Prevention

  • Resize font
  • Print
  • Email
  • Facebook
  • Twitter
  • Google+
  • Pinterest
Doctor giving a girl a shot

Vaccines can prevent infection with certain cancer-causing viruses.

Credit: Veer

Why Research on Prevention Is Critical to Progress against Cancer

By 2025, an estimated 2.1 million people in the United States will be diagnosed with cancer every year. This is a 31-percent increase from 2012 that is due in part to the aging of the U.S. population and the greater use of cancer screening. The estimated number of annual cancer-related deaths is expected to increase even faster, by 37 percent, from 620,000 to 850,000 by 2025.

These increases make a compelling case for improvements in cancer prevention, and greater progress is possible. It has been estimated, for example, that between 1975 and 2000, tobacco control programs implemented in the United States saved nearly 800,000 lives.
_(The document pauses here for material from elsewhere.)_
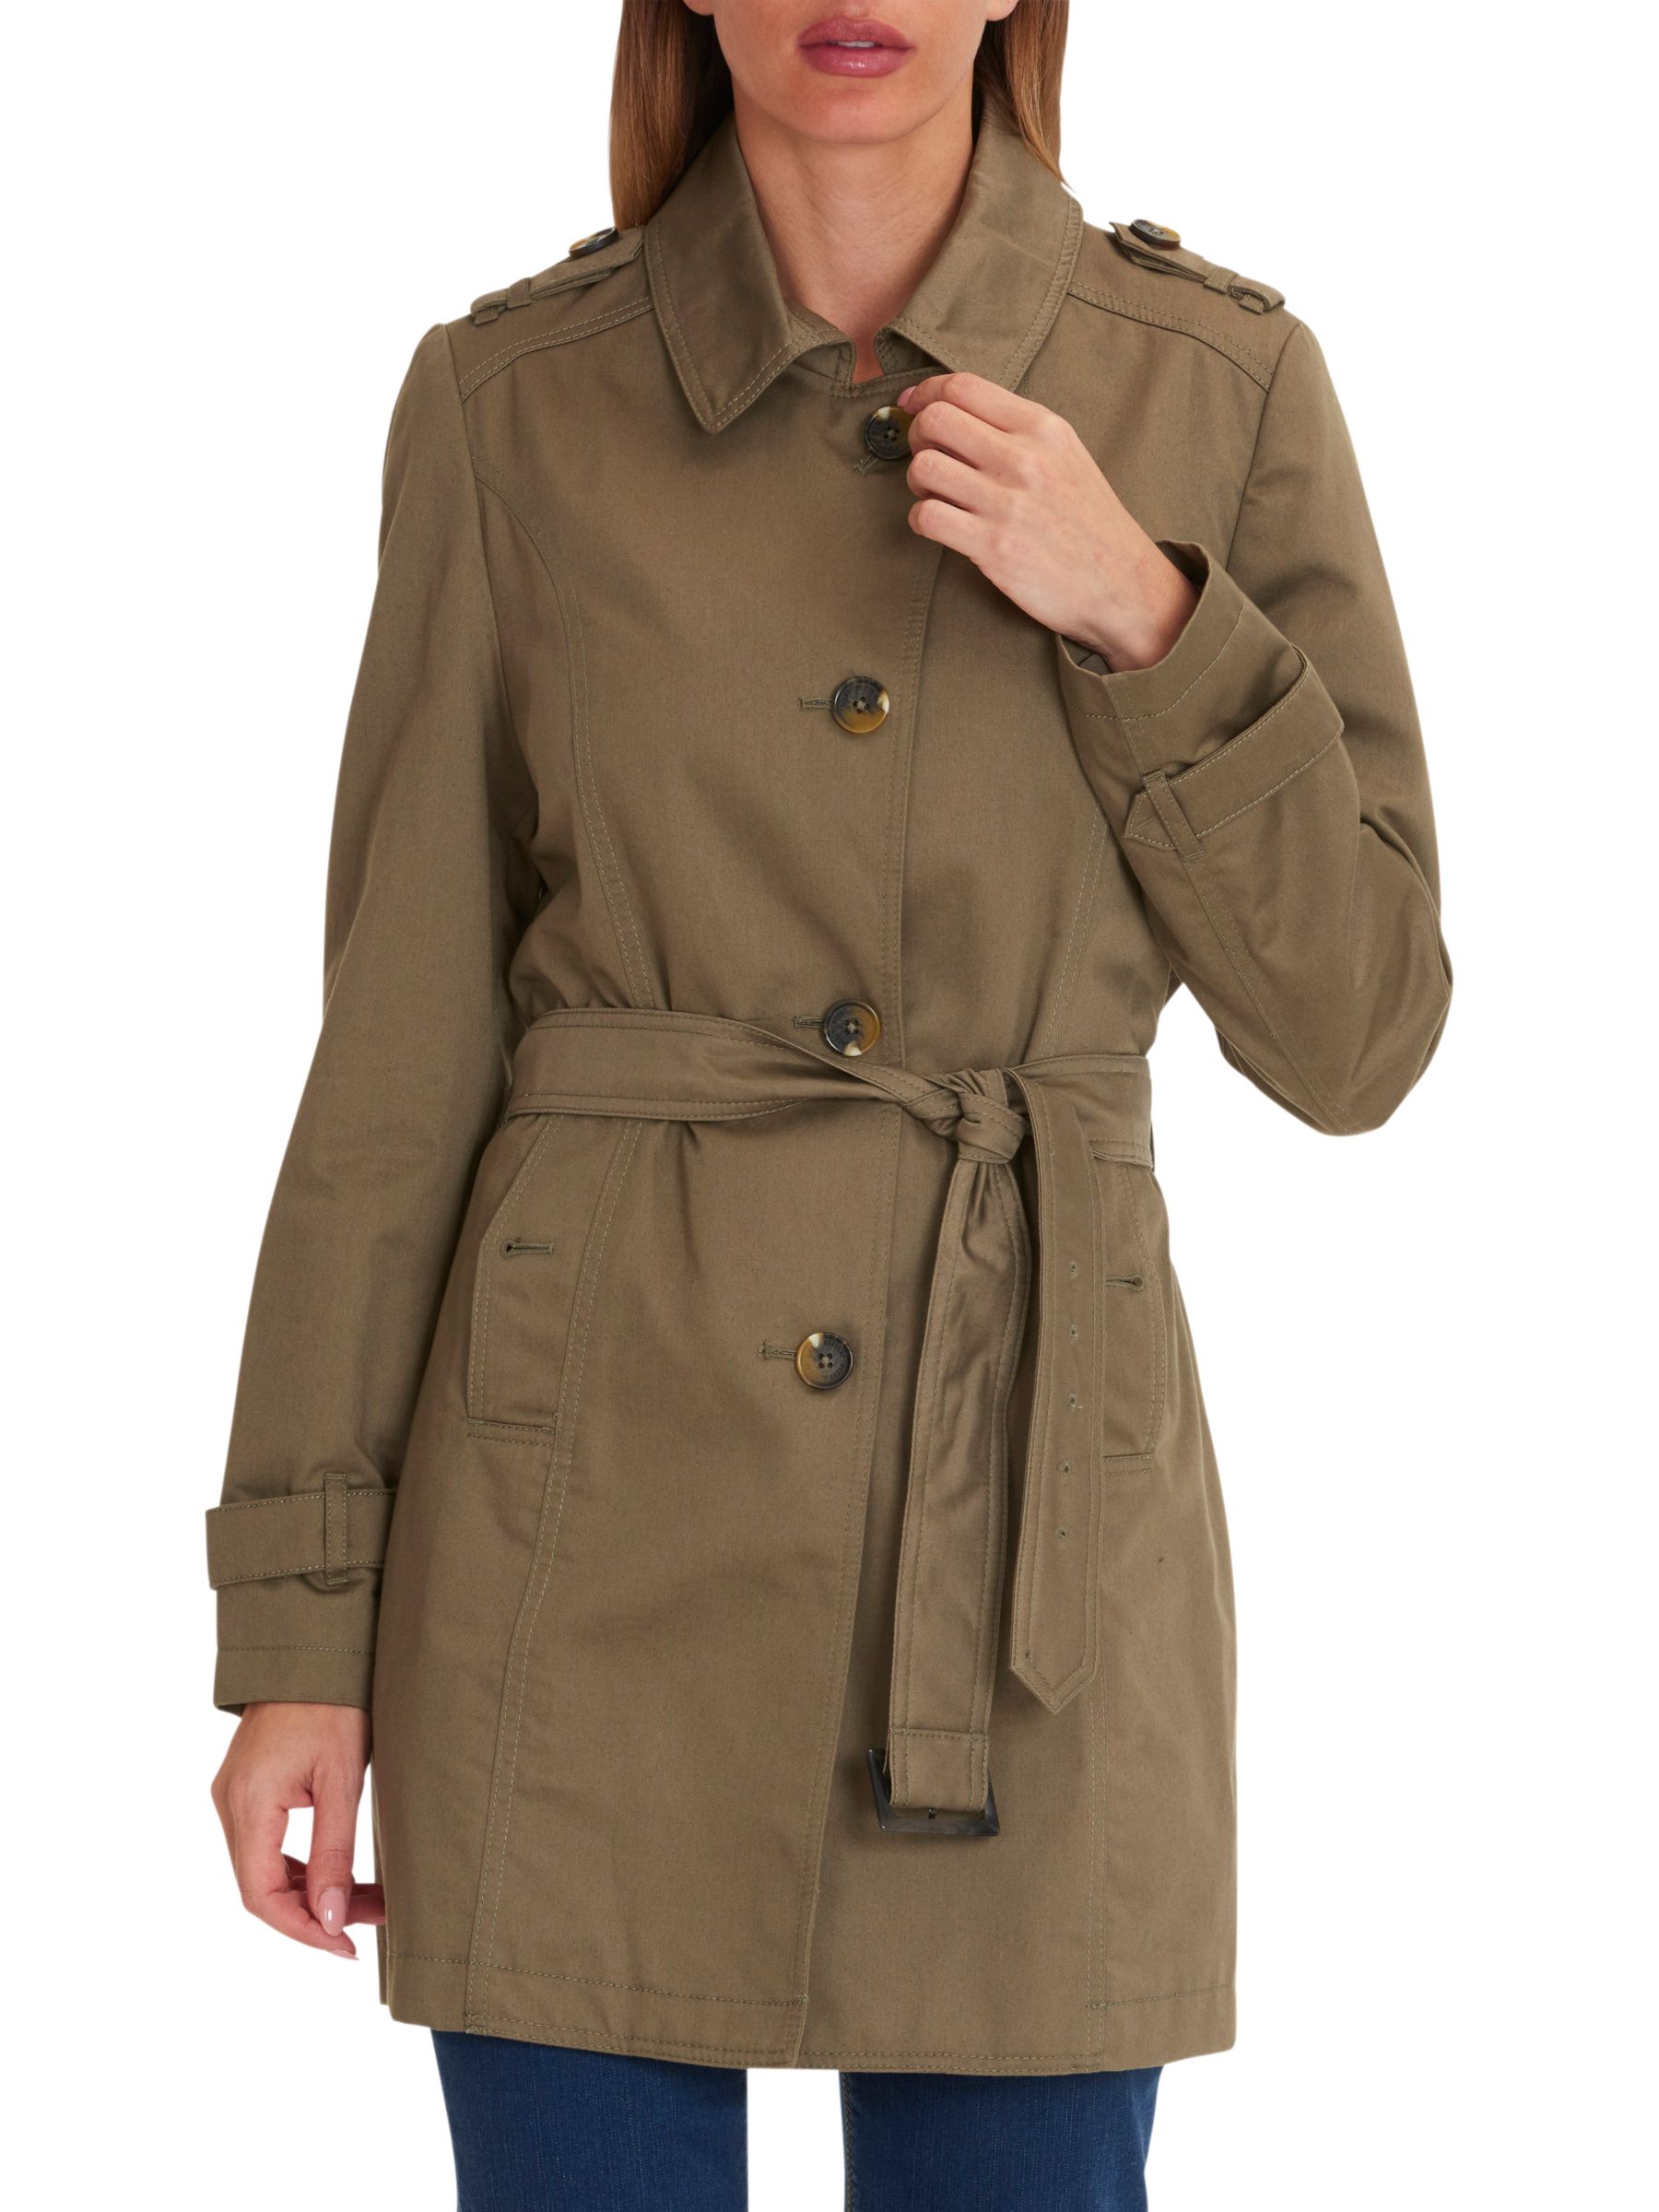 Trench Coats | Women's Coats & Jackets | John Lewis

Continued efforts against tobacco, together with existing and emerging methods of reducing cancer risk, could pay tremendous dividends in terms of lives saved.

But there are also many obstacles to reducing cancer incidence and mortality in the United States, including socioeconomic disparities, barriers that limit access to health care, and widespread obesity.

Making strides in cancer prevention is not only a public health imperative, it is also an economic imperative. By 2020, the United States will spend an estimated $174 billion each year on cancer care.

Opportunities in Cancer Prevention Research

Studies that have more clearly defined how cancer develops and identified factors that can influence cancer risk are paving the way for important advances in cancer prevention.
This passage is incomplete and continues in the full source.